| One-Minute Clinician

Helping Informal Caregivers to Give Care

We ask informal caregivers to do things that 20 or 30 years ago, we would have hesitated to ask a nurse to do at home. They struggle with these issues such as “How do I assess the pain to determine are they really having pain?” “How much of the medication do I give?” “Which medication do I give?” “How do I know when to call the hospice nurse?” for example. Often the hospice nurse will come visit and, at the conclusion of the visit, say, “Great visit. Call me anytime; we’re on-call 24/7. If anything new comes up, if a symptom develops, if things get worse, give us a call.” The nurse flies out the door, and the family member, the informal caregiver, is sitting there, wondering what do they mean by ‘if something comes up’ or ‘what does worse look like?’ or ‘what does a new symptom look like?’ So they’re very confused about when to call. They’re hesitant to use opioids because they hear what’s going on, and they’re fearful of overdosing their loved one. But if they don’t give them enough medication and then the patient passes away, they’re left to worry “Did I give enough medication?” or “Did my mother suffer?” I’m very, very interested in what we can do as best practices to support these informal caregivers particularly in medication management, which is my area of interest. We have some interesting research going on, and I look forward to seeing how that all pans out. It is everybody’s job—the entire team—to teach the informal caregiver. Also, I’m very invested in teaching the whole multiprofessional team how to pull off all the skills that we have to bring to the table and caring for someone with a serious illness. The chaplain needs to know about true diagnosed anxiety because if a person is truly anxious, they really can’t talk about their eternal reward; they have to get their anxiety addressed.
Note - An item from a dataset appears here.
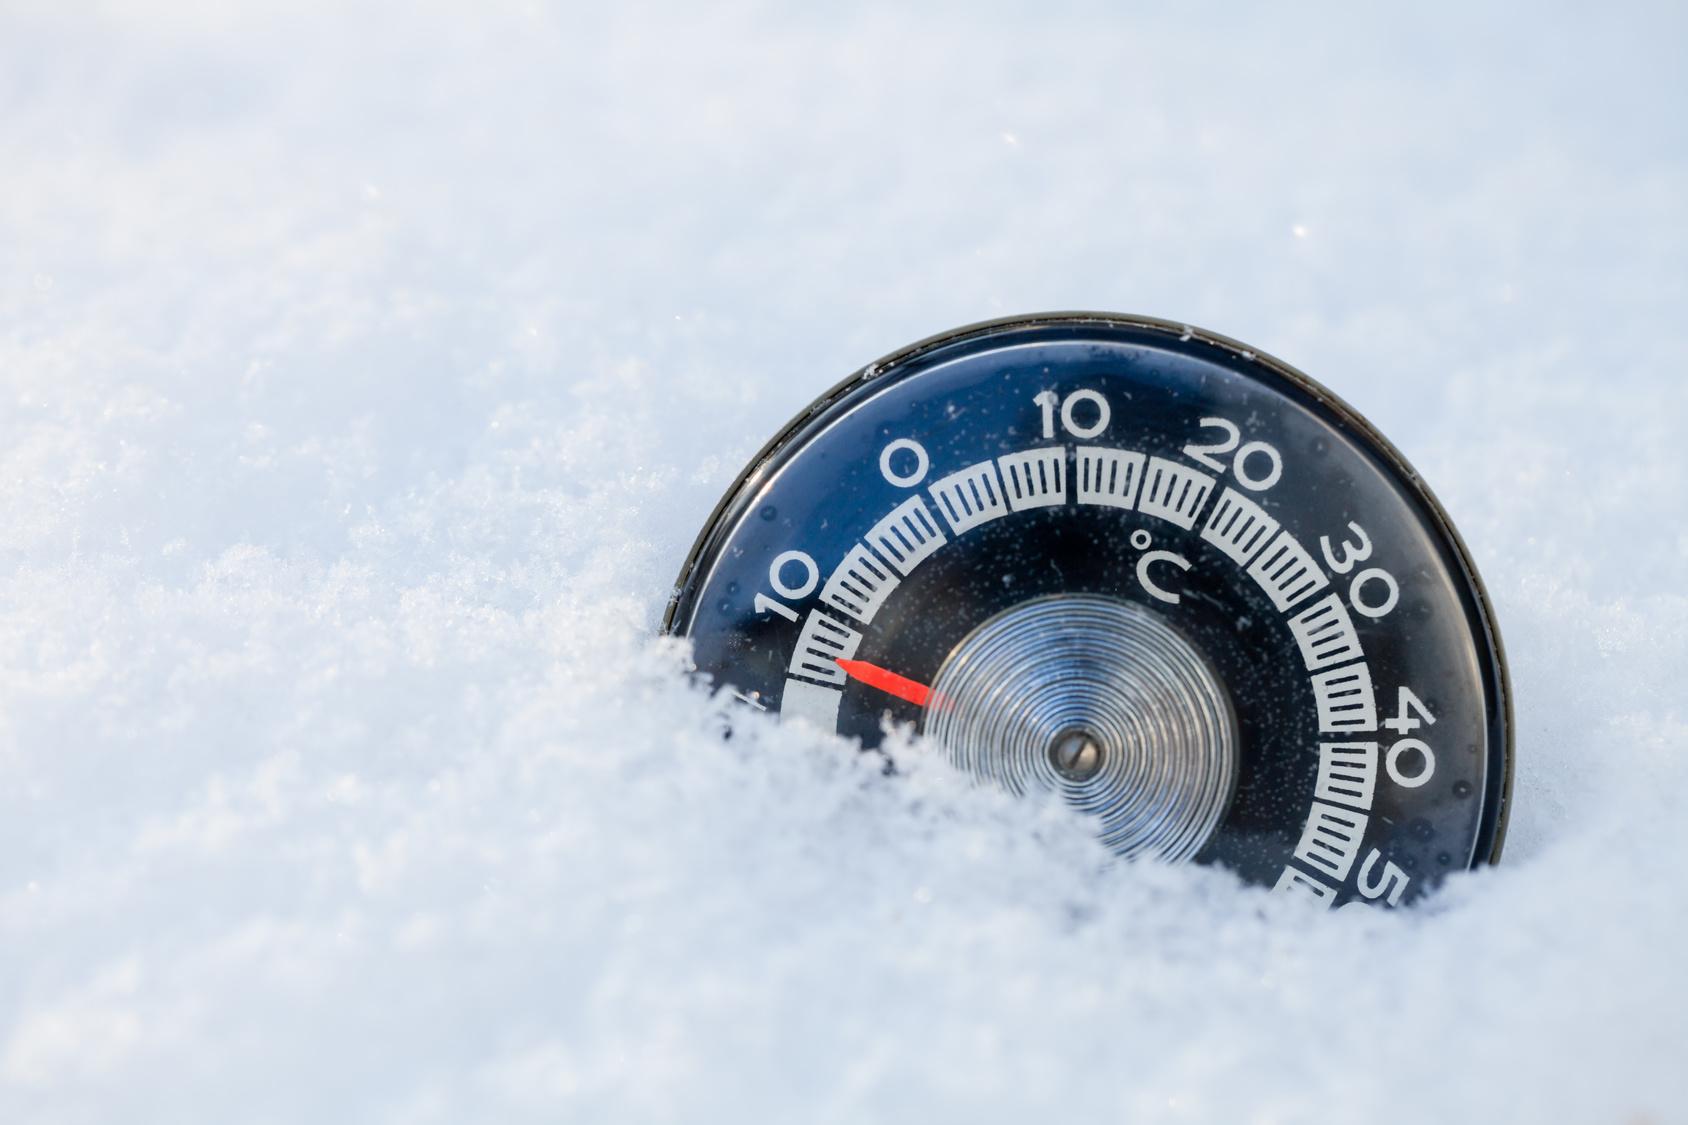 termometr temperatura mróz - Fotolia

If someone is physically uncomfortable, they can’t talk about their advanced directives. Similarly, often when I go to adjust the medication regimen, by just asking a few simple questions, I can determine if the patient’s big issue really is a psychosocial or spiritual issue; it’s not really a physical complaint. It’s every practitioner on the team’s job to take care of the unit of care, which is both the patient- and the family-centric model. It’s the patient, the family who, of course, are the informal caregivers. It really does take a village to take care of a patient and a family wrestling with a serious illness.